1969 mid-air collision in Indiana

On September 9, 1969, Allegheny Airlines Flight 853, a McDonnell Douglas DC-9 operating a regularly scheduled flight from Boston, Massachusetts, to St. Louis, Missouri, with stops in Baltimore, Maryland; Cincinnati, Ohio; and Indianapolis, Indiana, collided mid-air with a Piper PA-28 light aircraft near Fairland, Indiana. The left wing of the PA-28 sheared off the DC-9's rear tail assembly, causing both to crash, killing all 83 occupants on board both aircraft. More than 50 years later, the incident remains Indiana's deadliest commercial airline disaster.

== Flight history ==
Allegheny Airlines Flight 853 was a regularly scheduled flight departing Boston Logan International Airport with a final destination of St. Louis International Airport (Lambert Field) with stopovers at Baltimore Friendship (now known as Baltimore-Washington International Airport), Greater Cincinnati (now known as Cincinnati/Northern Kentucky International), and Indianapolis Weir-Cook Municipal Airport (now known as Indianapolis International). The aircraft, N988VJ, was a McDonnell Douglas DC-9-31 manufactured in 1968 with 3170 hours on the airframe at the time of the incident. At the controls were Captain James Elrod, 47, a seasoned veteran with more than 23,800 flight hours, and First Officer William Heckendorn, 26. The flight departed from Cincinnati at 3:15 pm en route to Indianapolis, carrying 78 passengers and 4 crew members. Flying under instrument flight rules (IFR), it was initially cleared to ascend to airway V-97 at 10,000 feet. Approach Control then instructed it to descend to 6,000 ft; then 2,500 ft after passing the Shelbyville VOR. The flight was then vectored to a 280 degree heading. This was the last recorded communication between Air Traffic Control and the aircraft.

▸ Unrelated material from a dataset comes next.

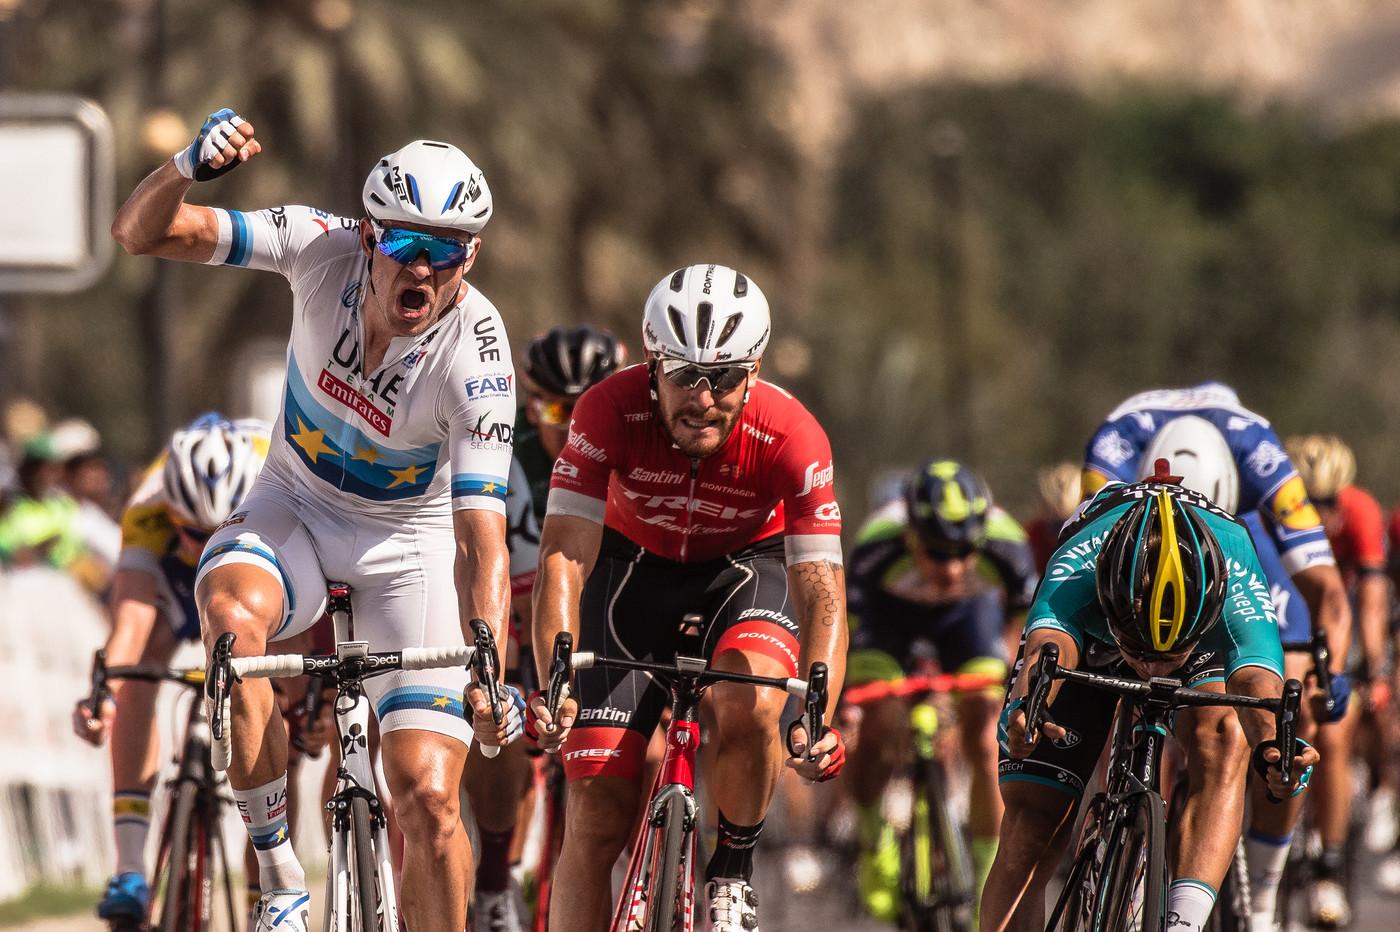 Kristoff wins Stage 6 Oman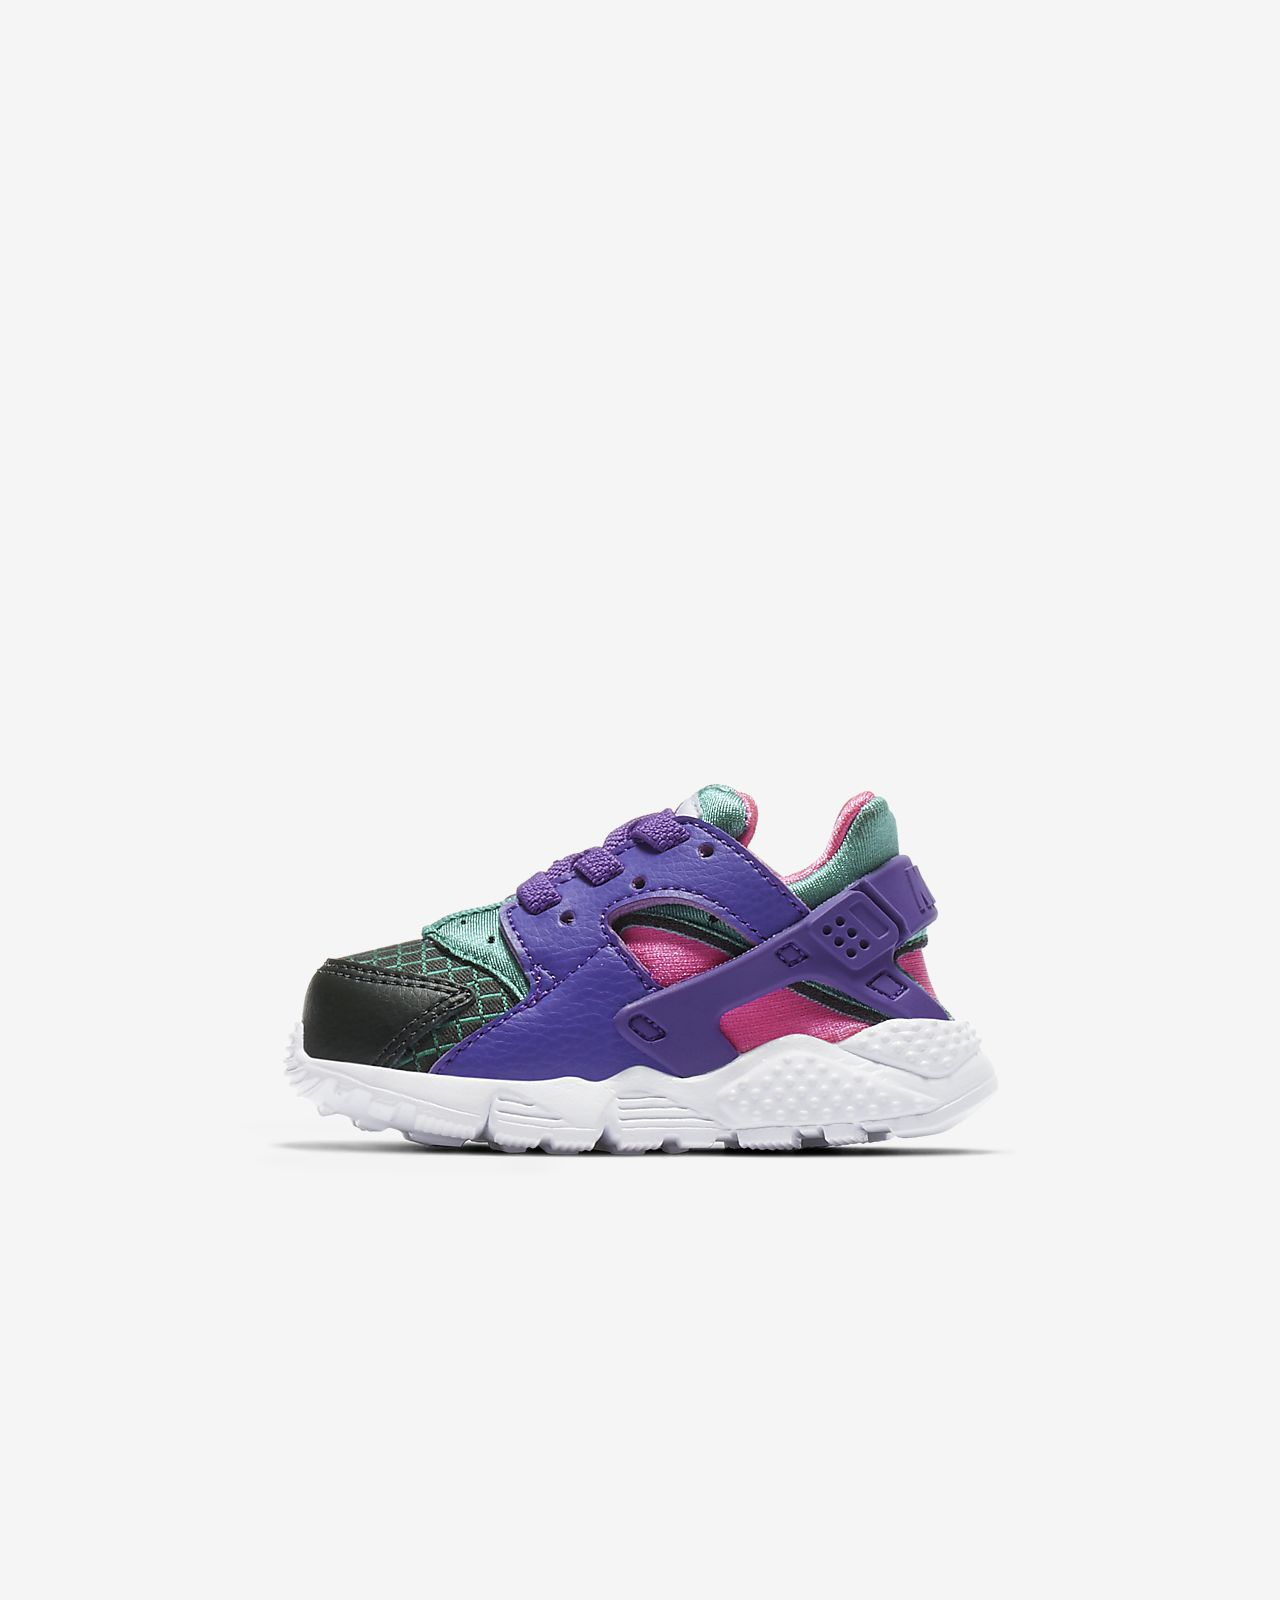 9683a71330d9e Nike Huarache Run Ultra Now Infant Toddler Shoe. Nike.com

The other aircraft, a privately owned Piper PA-28, was piloted by 34-year-old Robert Carey. He was attempting a solo cross-country flight, and was on a southeasterly heading. It departed Brookside Airpark at 3:21 pm, operating under a visual flight rule (VFR) flight plan which indicated a cruising altitude of 3,500 ft. It was not in communication with air traffic control and was not equipped with a transponder, and there was no evidence it appeared as a primary radar target on the radarscope. Though visibility was 15 miles, an intervening cloud condition prevented either aircraft from seeing the other until a few seconds prior to the collision.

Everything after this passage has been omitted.